In industry, TIG welding “Tungsten inert gas” or GTAW “gas tungsten arc welding” is a widely used process to create permanent joints, including high joint efficiency, simple set-up, flexibility, and low fabrication costs. In this process, an electric current is used to generate an arc between the tungsten electrode and the worked pieces to join them; the tungsten electrode heats the metal and melts it; this is known as arc welding. It can be automated or manual and is characterized by a stabilized arc and good weld quality [1]. The joined area is protected from atmospheric contamination by a shielding gas.

Argon is the most commonly used shielding gas for GTAW to protect the welding area from atmospheric gases, which can cause fusion defects, porosity, and weld metal embrittlement if they come in contact with the electrode, the arc, or the welding metal. It generally provides an arc which operates more smoothly and quietly and is handled more easily.

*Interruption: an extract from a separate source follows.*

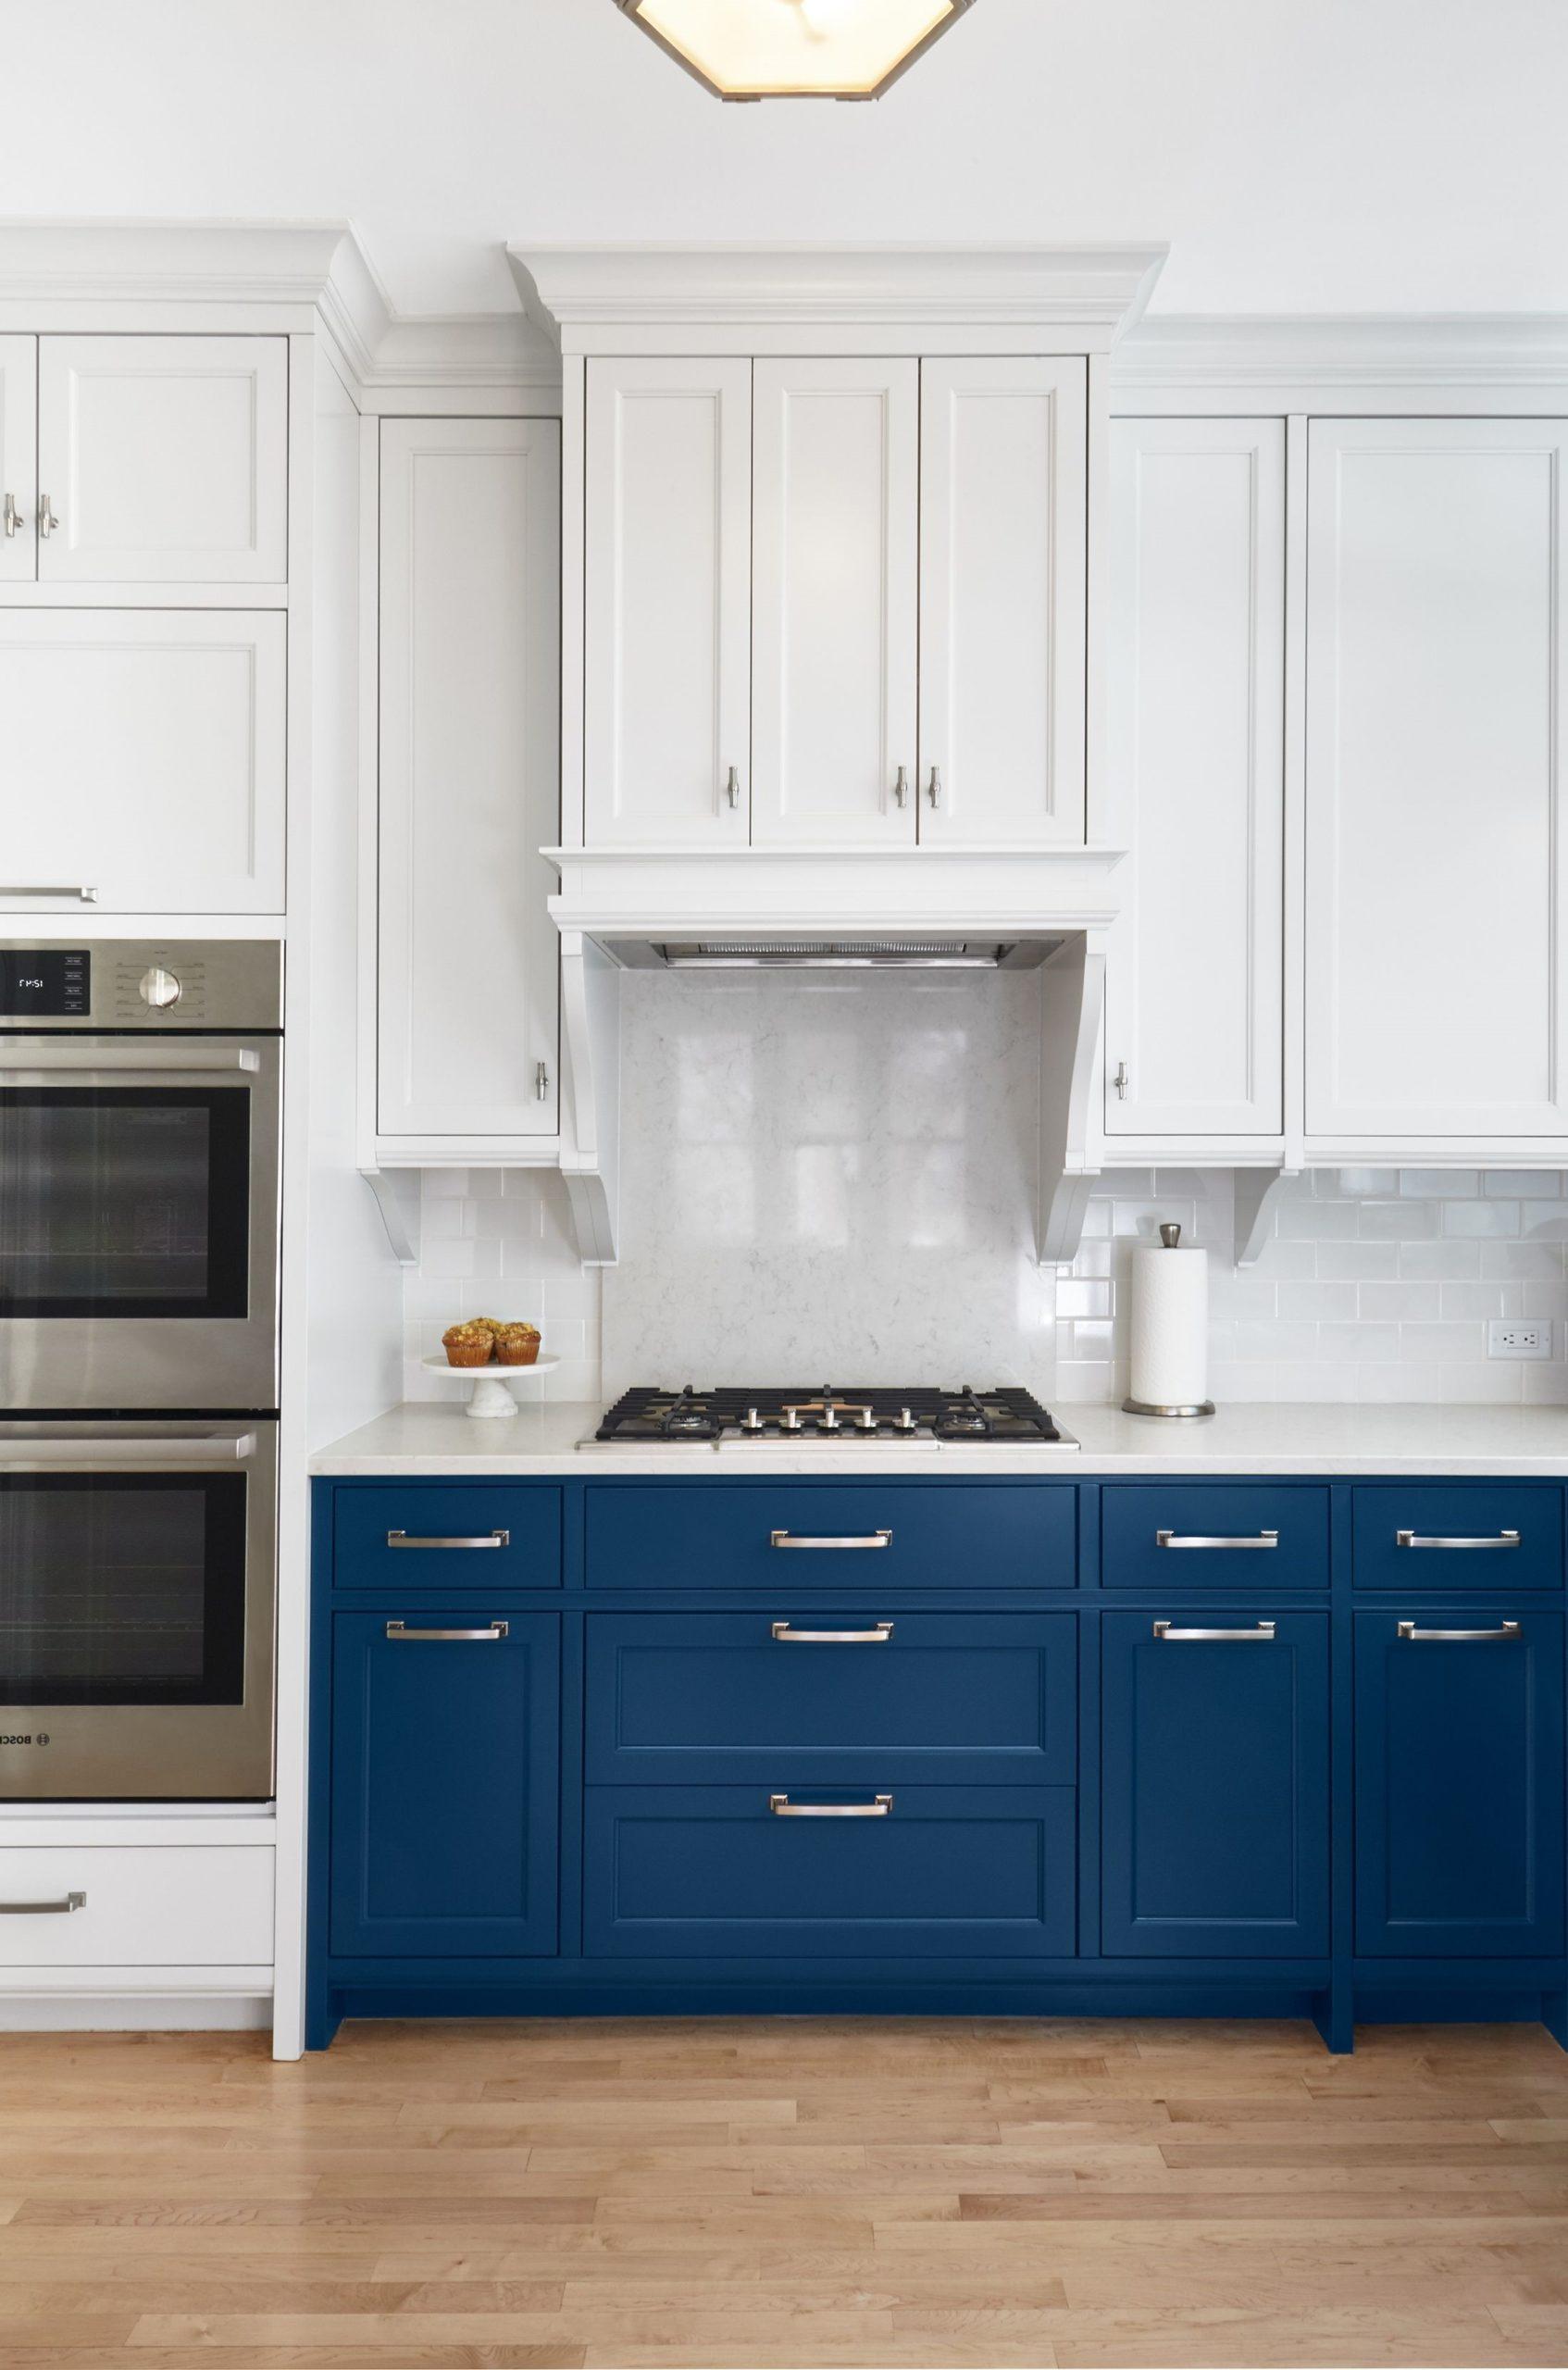 Ajoutez un simple accent bleu canard dans votre cuisine.

The use of argon results in high weld quality and good appearance [2].

The Ni superalloy, INC 738 LC, is used particularly in hot parts of gas turbine engines, subject to temperatures that can vary between 900 and 1200 °C. It has high mechanical properties and very good resistance at high temperatures due principally to the presence of a large fraction of γ′nano-intermetallic particles of Ni₃ (Ti-Al) type controlled by precipitate hardening.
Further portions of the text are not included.